Google can solve any problem.  Let's go!


On the road again where traffic is backed up at yet another congested roundabout or construction zone somewhere up ahead.  Traffic on the British highway system is turning out to be the only un-fun part of the trip.


Patience, Bill.  Now we're in Cambridge.


And there's our free local student guide, Yan, a graduate student at Girton College which, she said, is one of 31 colleges forming Cambridge University. But this website says there are 29. I think I believe Yan.


Now we are about to walk around and see a few of the colleges — from the outside.  Maybe we should have found a tour more expensive than "free" so we could go inside some of these places?  Whatever, Yan has a great tourguide speaking voice, strong enough for everyone to hear, she's enthusiastic, she knows her stuff...this will be good.
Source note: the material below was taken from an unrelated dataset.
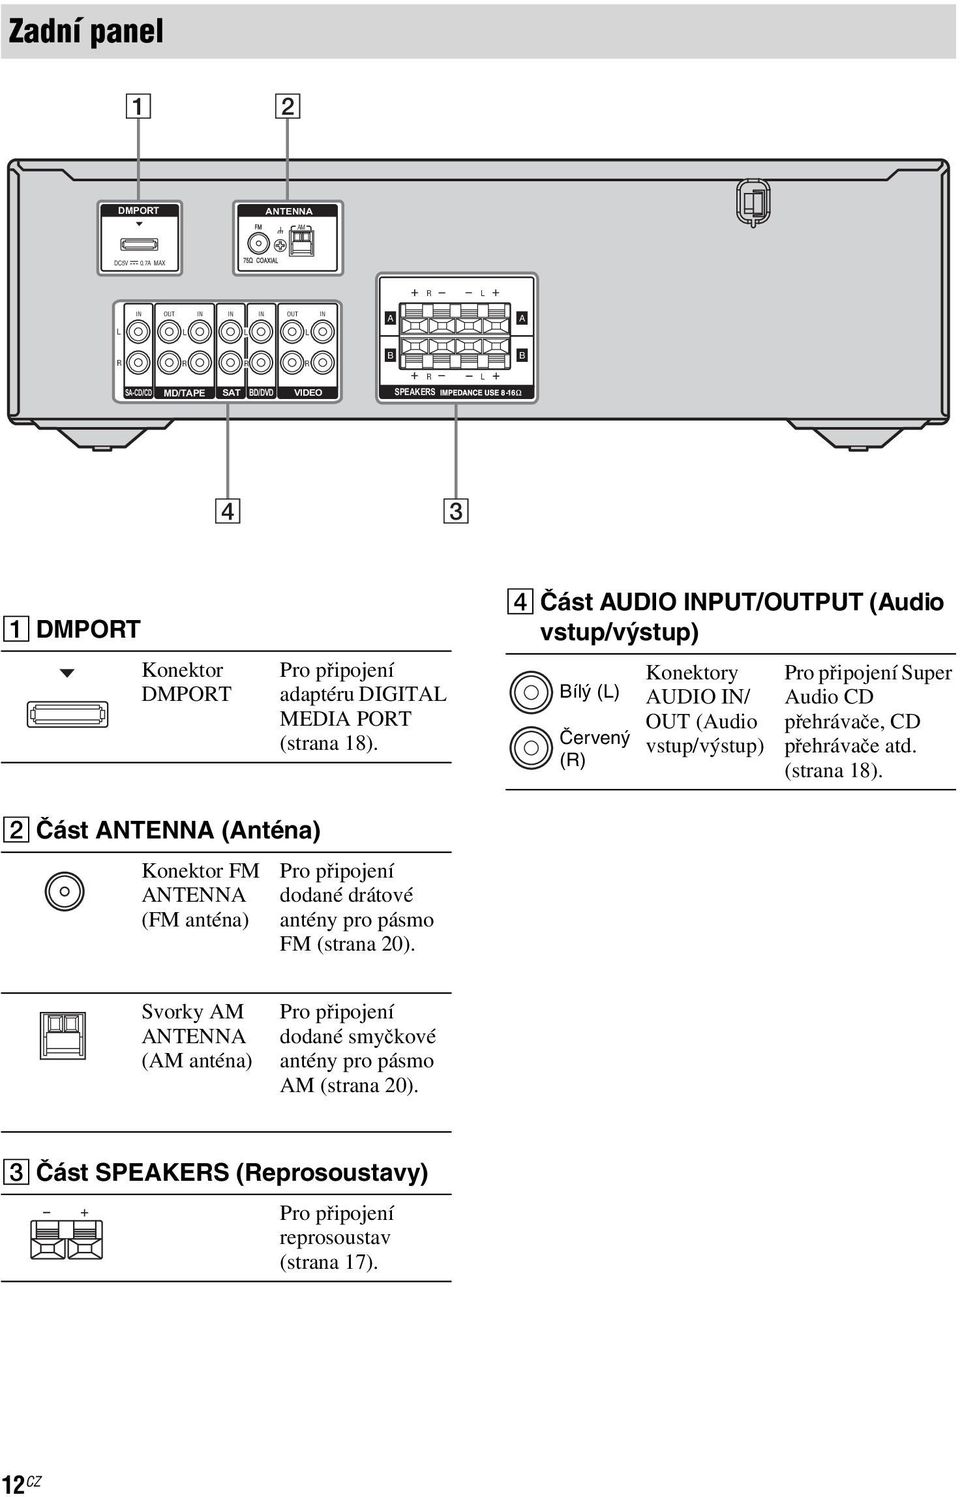 D Část AUDIO INPUT/OUTPUT (Audio vstup/výstup) Bílý () Červený () Konektory AUDIO IN/ OUT (Audio vstup/výstup) Pro připojení Super Audio CD přehrávače, CD přehrávače

That's King's College Chapel.  We'll see it around from the other side in a little while.  Yan has explained that we should think of all the colleges at Cambridge the way we think of the four houses in the Harry Potter stories --Gryffindor, Slytherin, etc. But...we won't be seeing the inside of any of them on this tour. You get what you pay for, I guess.


What's that odd disk back there?


It's the Corpus Clock and it sits at street level on the outside of the Taylor Library at Corpus Christi College at the junction of Bene't Street and Trumpington Street, looking out over King's Parade. It was conceived and funded by John C. Taylor, an old member of the college who made a fortune by inventing the electric tea kettle. Yes, really.  The clock was officially unveiled to the public on 19 September 2008 by Cambridge physicist Stephen Hawking. The clock was named one of Time's Best Inventions of 2008.

 The clock's face is a rippling 24-carat gold-plated stainless steel disc, about 1.5 metres (4.9 ft) in diameter. It has no hands or numerals, but displays the time by opening individual slits in the clock face backlit with blue LEDs; these slits are arranged in three concentric rings displaying hours, minutes, and seconds. The dominating visual feature of the clock is a grim-looking metal sculpture of an insectoid creature similar to a grasshopper or locust. The sculpture is actually the clock's escapement (see below). Taylor calls this beast the Chronophage (literally "time eater", from the Greek χρόνος [chronos] time, and εφάγον [ephagon] I ate). It moves its mouth, appearing to "eat up" the seconds as they pass, and occasionally it "blinks" in seeming satisfaction. The creature's constant motion produces an eerie grinding sound that suits its task. The hour is tolled by the sound of a chain clanking into a small wooden coffin hidden in the back of the clock.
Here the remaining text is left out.